In 1939, parts of East Hollywood and Silver Lake, including Madison/J-Flats, were given a red grade due to their “heterogeneous” population of Japanese, Black, Jewish, and Latino residents. The Homeowners’ Loan Corporation, a federal lending institution created as part of the New Deal, called this diversity “subversive racial elements.” Redlining meant that the neighborhood was considered risky for investment, making it hard for residents to access home loans, and eventually led to what is known today as the “white flight” of the post-war era. Today, most formerly redlined neighborhoods across the country are undergoing gentrification.
Despite and because of these racist practices, diverse enclaves formed all around Los Angeles. J-Flats was no different.
The area was the kind of place where your neighbor might be Barbara Marshall, whose grandfather, George Washington Albright, was a formerly enslaved Black man from Mississippi who came to Los Angeles in 1892 and homesteaded a piece of land on what is now Westmoreland Avenue. Back then, the neighborhood was all farmland and creeks and you could fish trout for dinner.
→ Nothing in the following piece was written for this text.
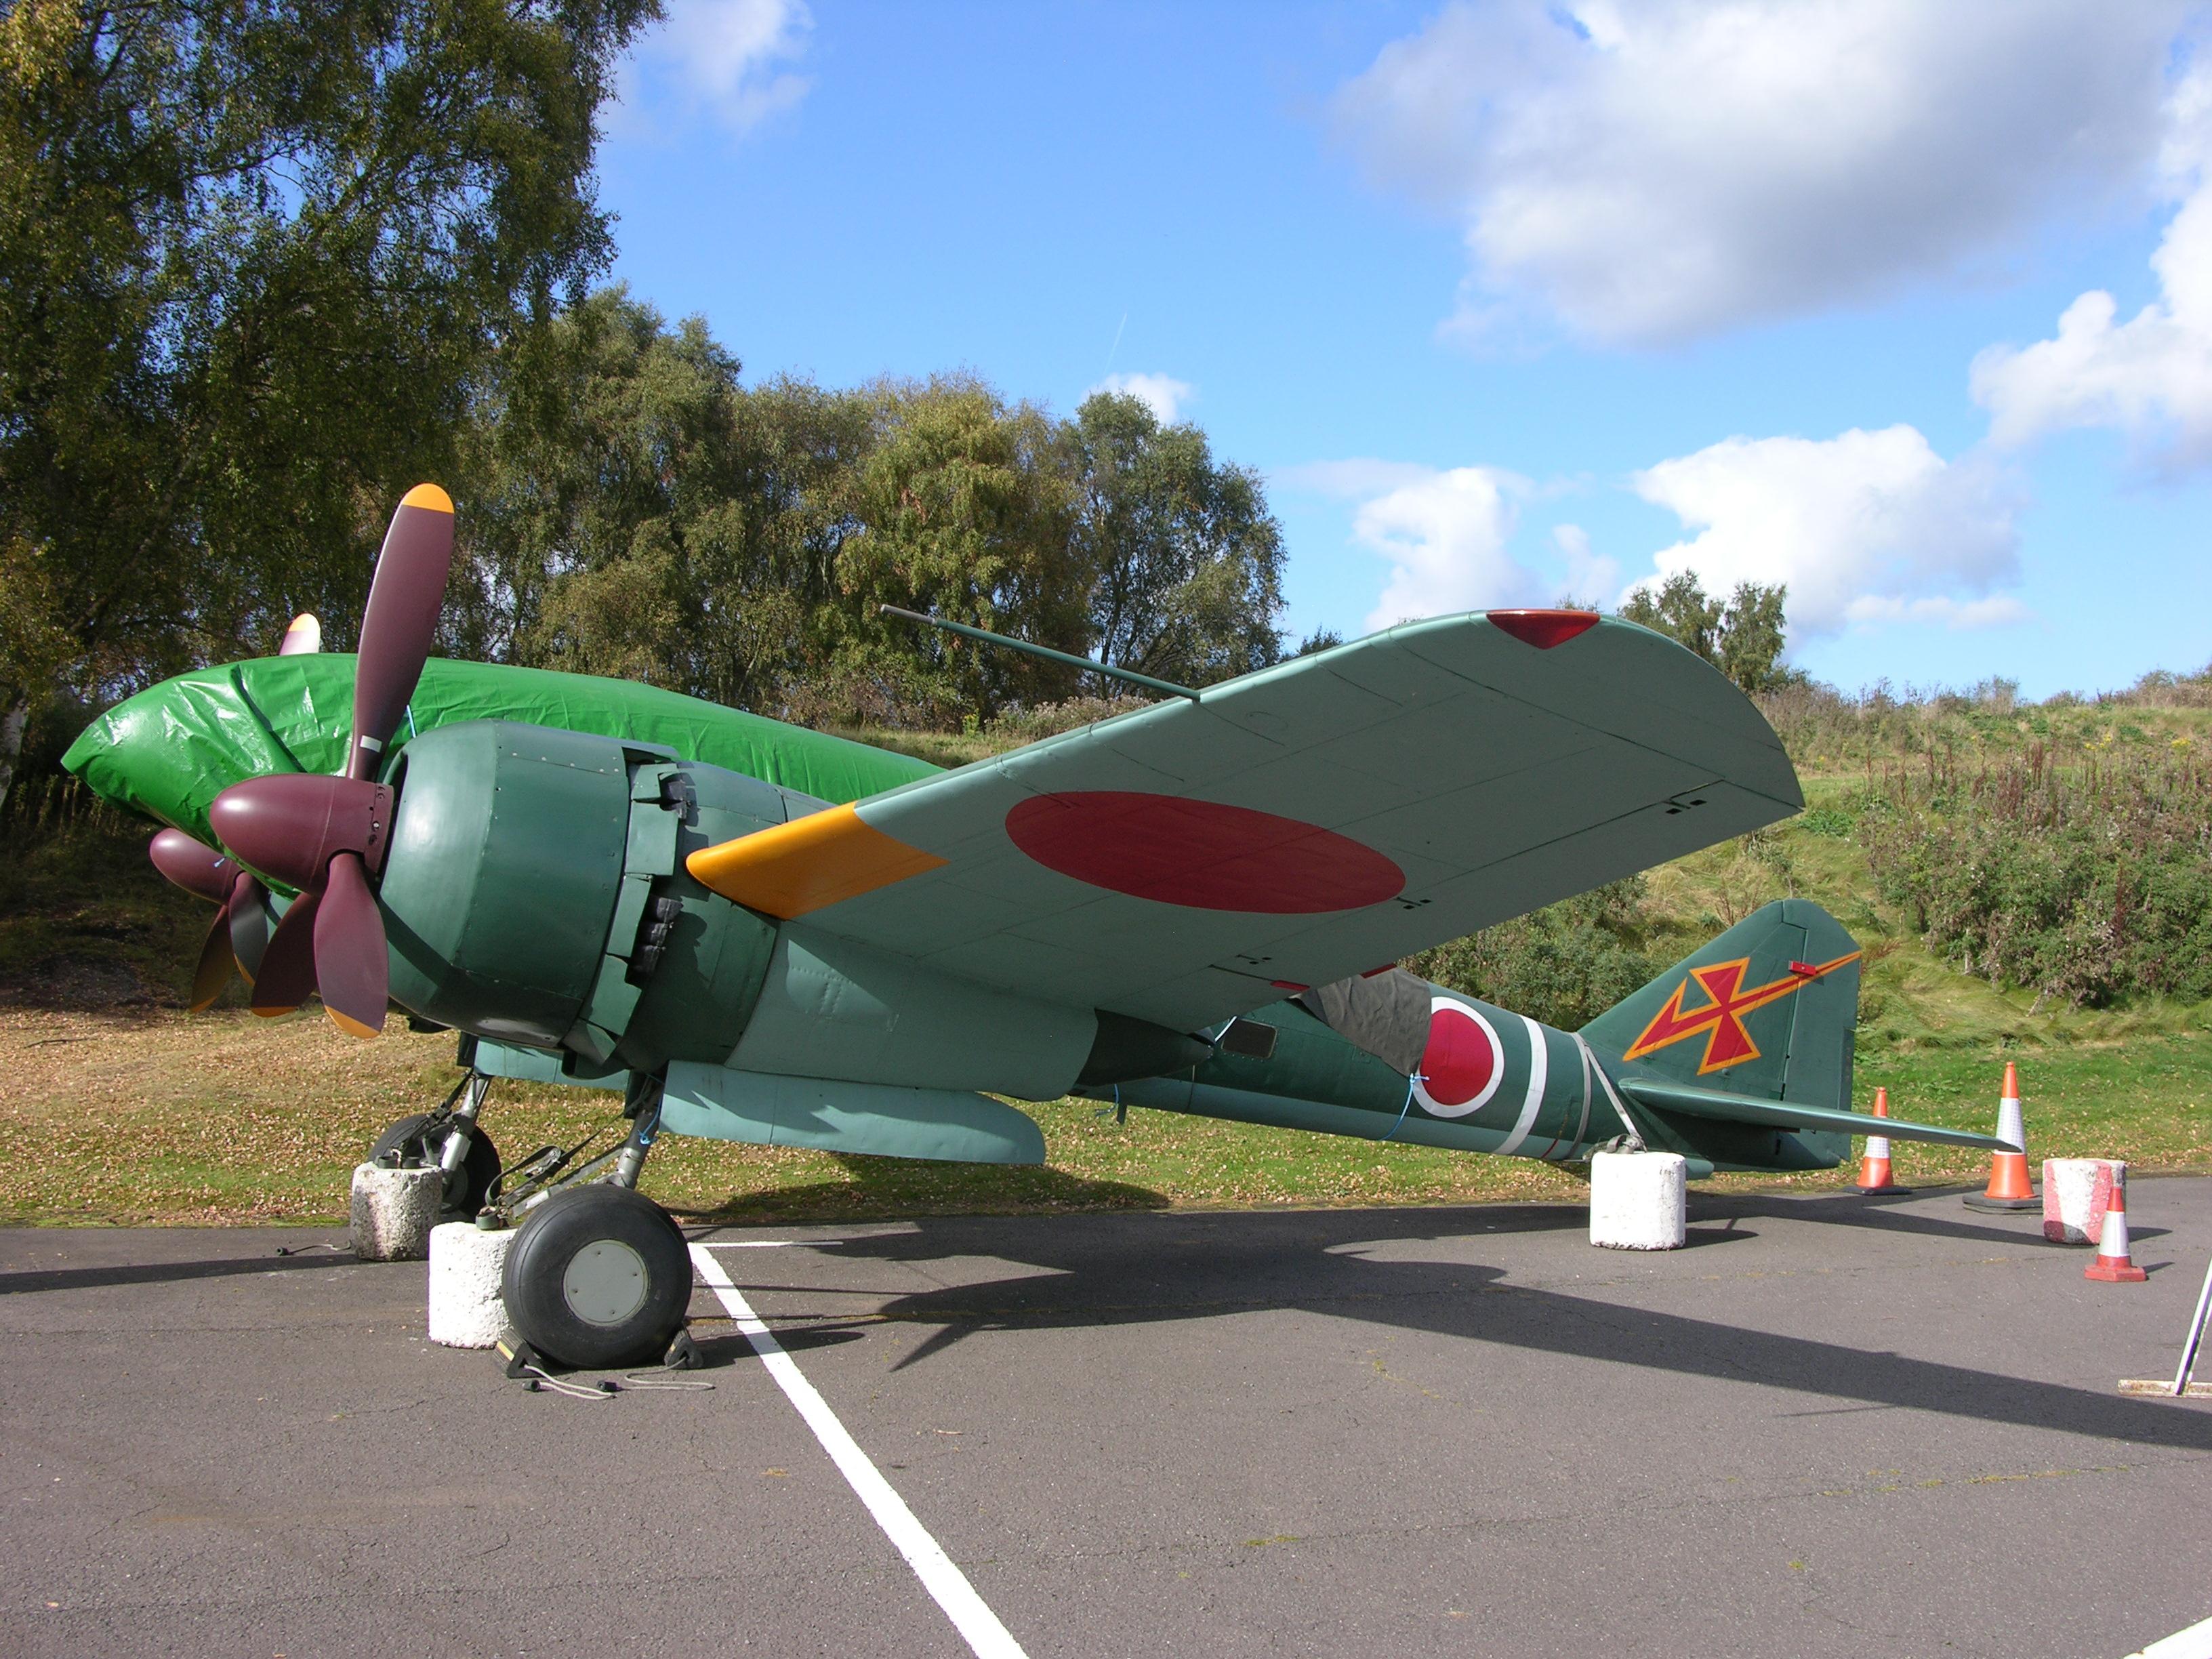 File:Mitsubishi Ki-46 Dinah (4014847858).jpg - Wikimedia Commons

It was the kind of place where you might go to the Marshall’s for black eyed peas during the holidays or eat handmade mochi at the Ozawas’ Japanese New Year's feast. Even if the neighbors couldn’t speak the same language, strong bonds formed between families.
“In that generation they couldn’t speak the same language, but they spoke the language of friendship,” says Karen Burch, Albright’s great granddaughter, describing her grandmother’s friendship with her Japanese neighbors.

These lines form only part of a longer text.